## [To do]
Give the listing back in full, exactly as written, with the pictures removed.

## [Data section]
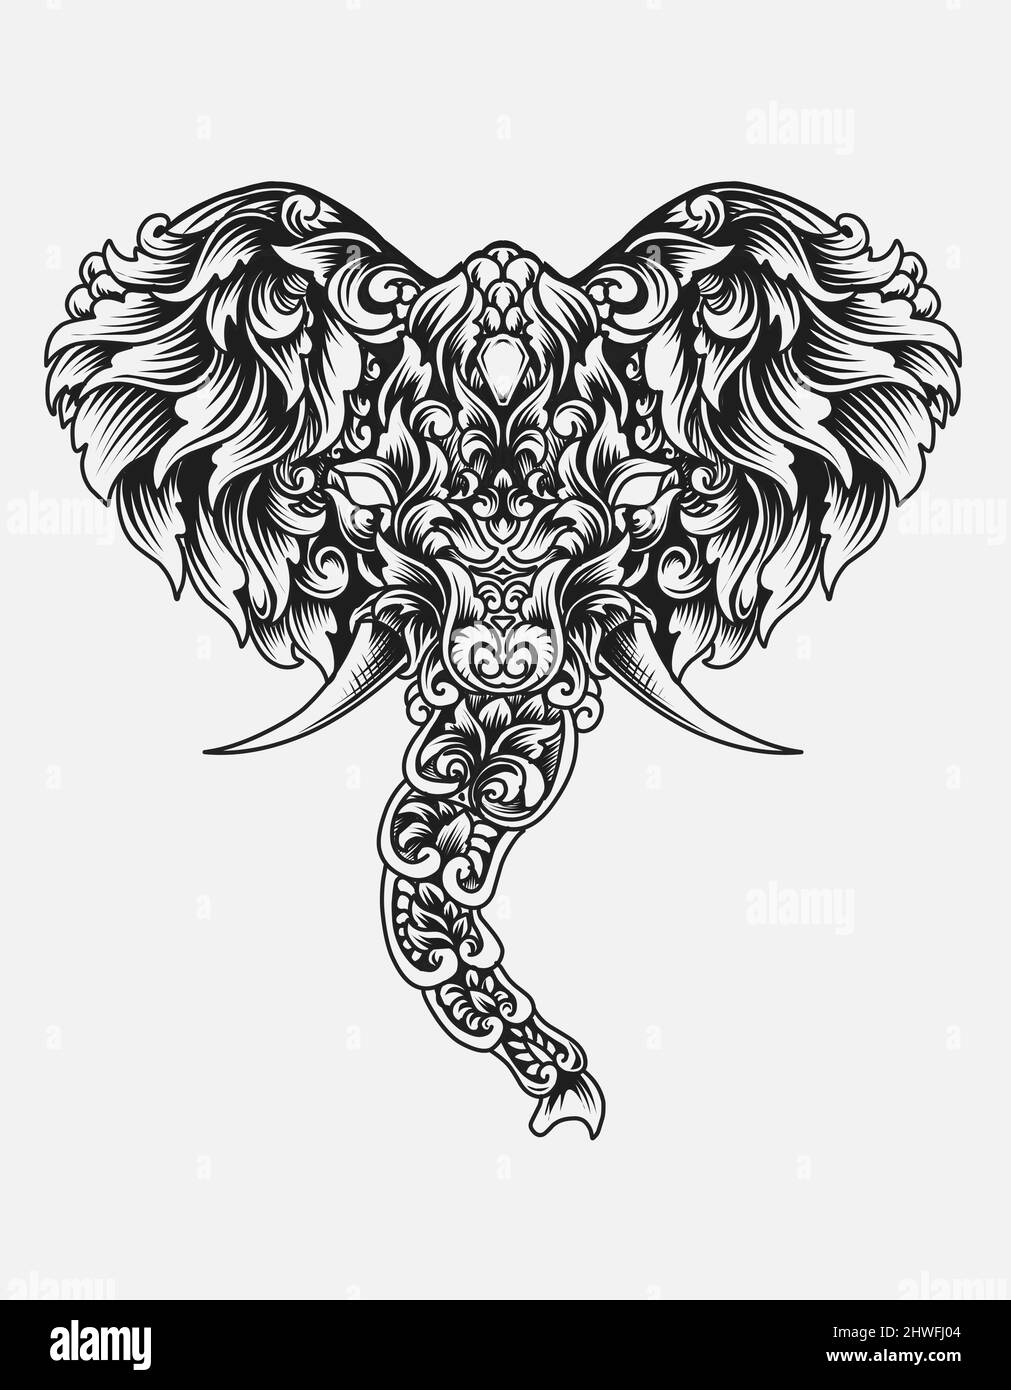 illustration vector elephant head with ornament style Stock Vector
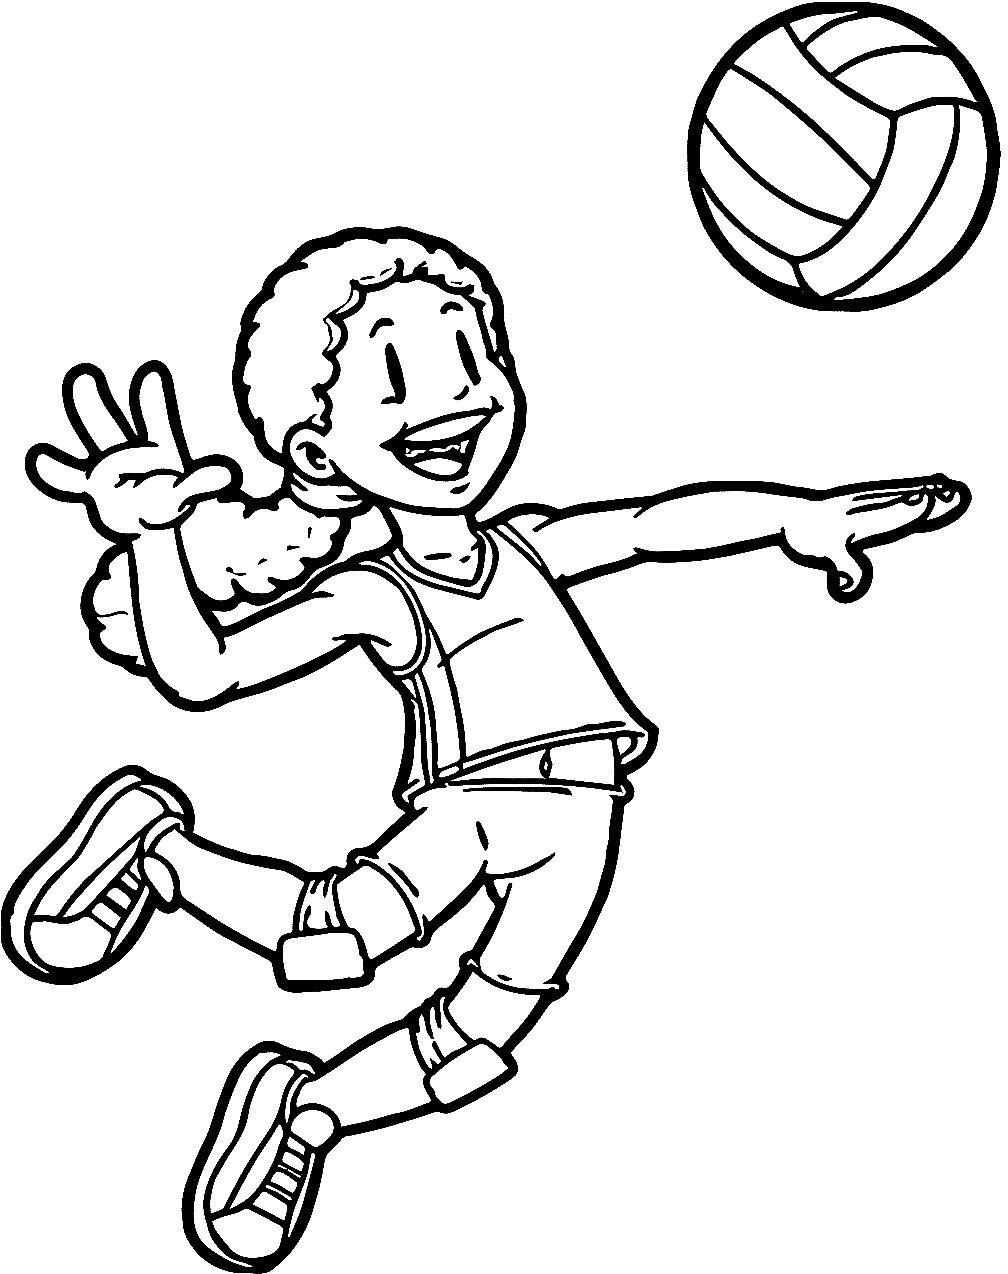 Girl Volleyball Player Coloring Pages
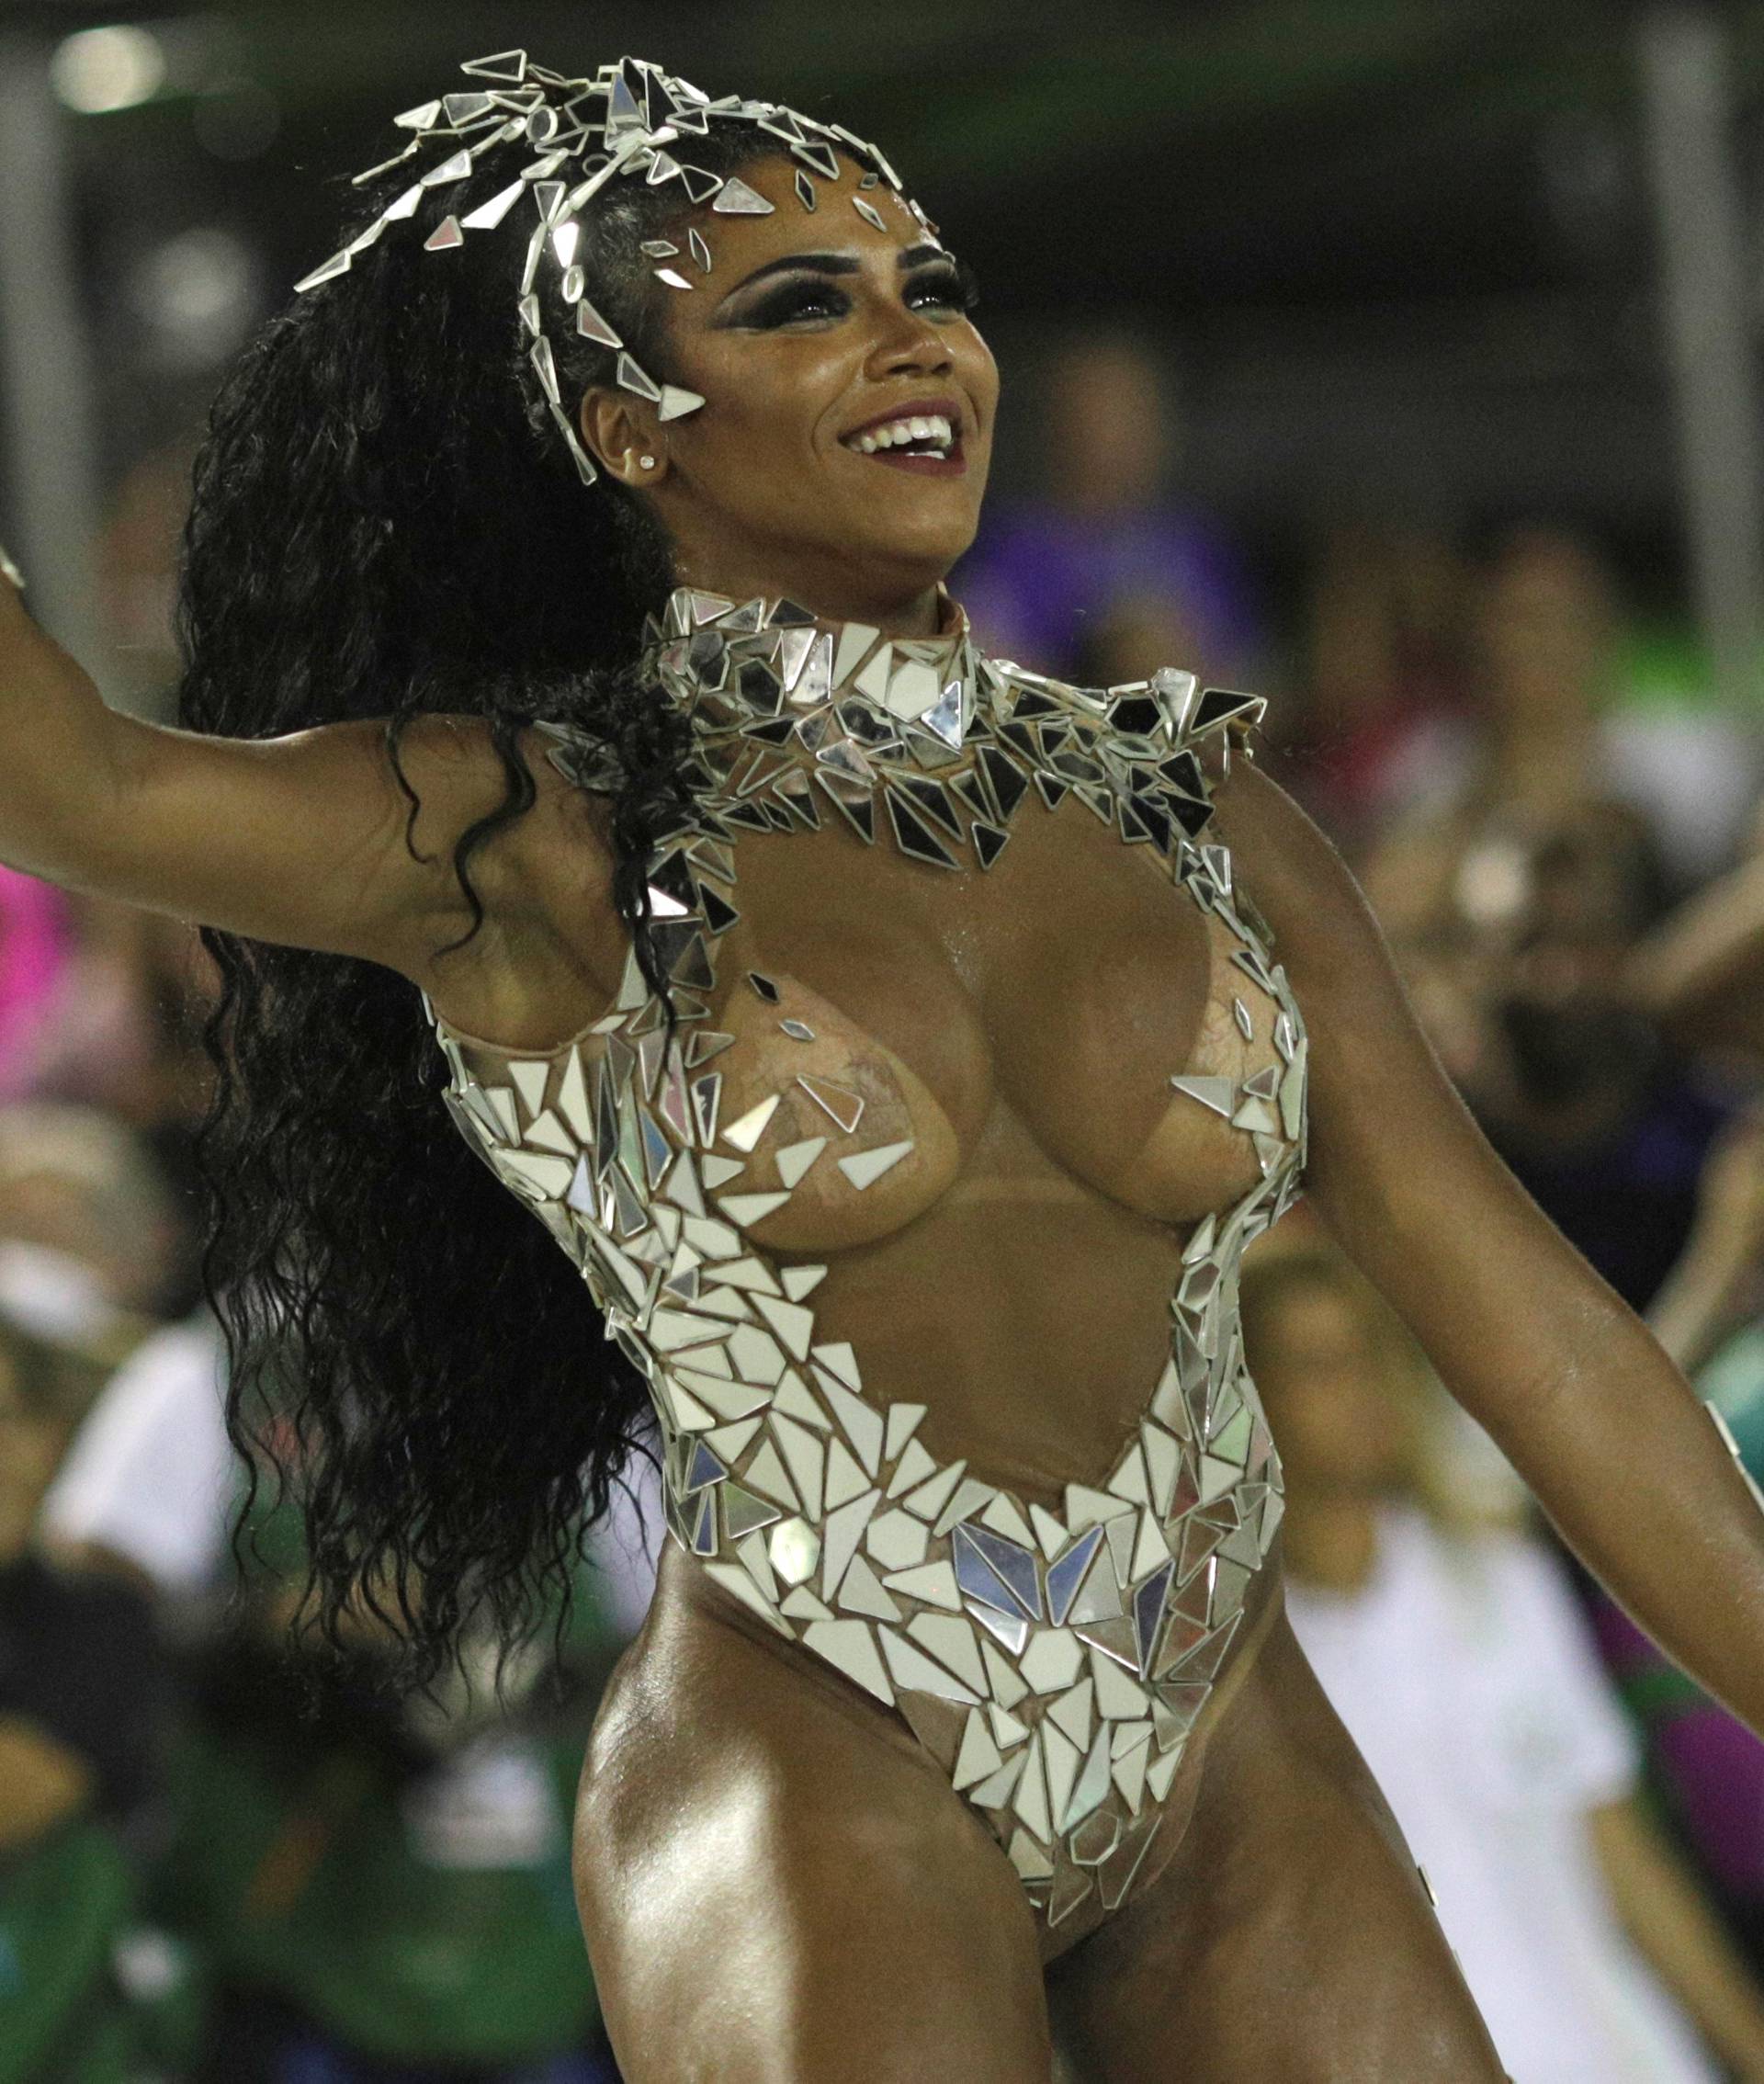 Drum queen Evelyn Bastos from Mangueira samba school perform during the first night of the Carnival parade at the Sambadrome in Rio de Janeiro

## [Solved problem]
 illustration vector elephant head with ornament style Stock Vector
 Girl Volleyball Player Coloring Pages
 Drum queen Evelyn Bastos from Mangueira samba school perform during the first night of the Carnival parade at the Sambadrome in Rio de Janeiro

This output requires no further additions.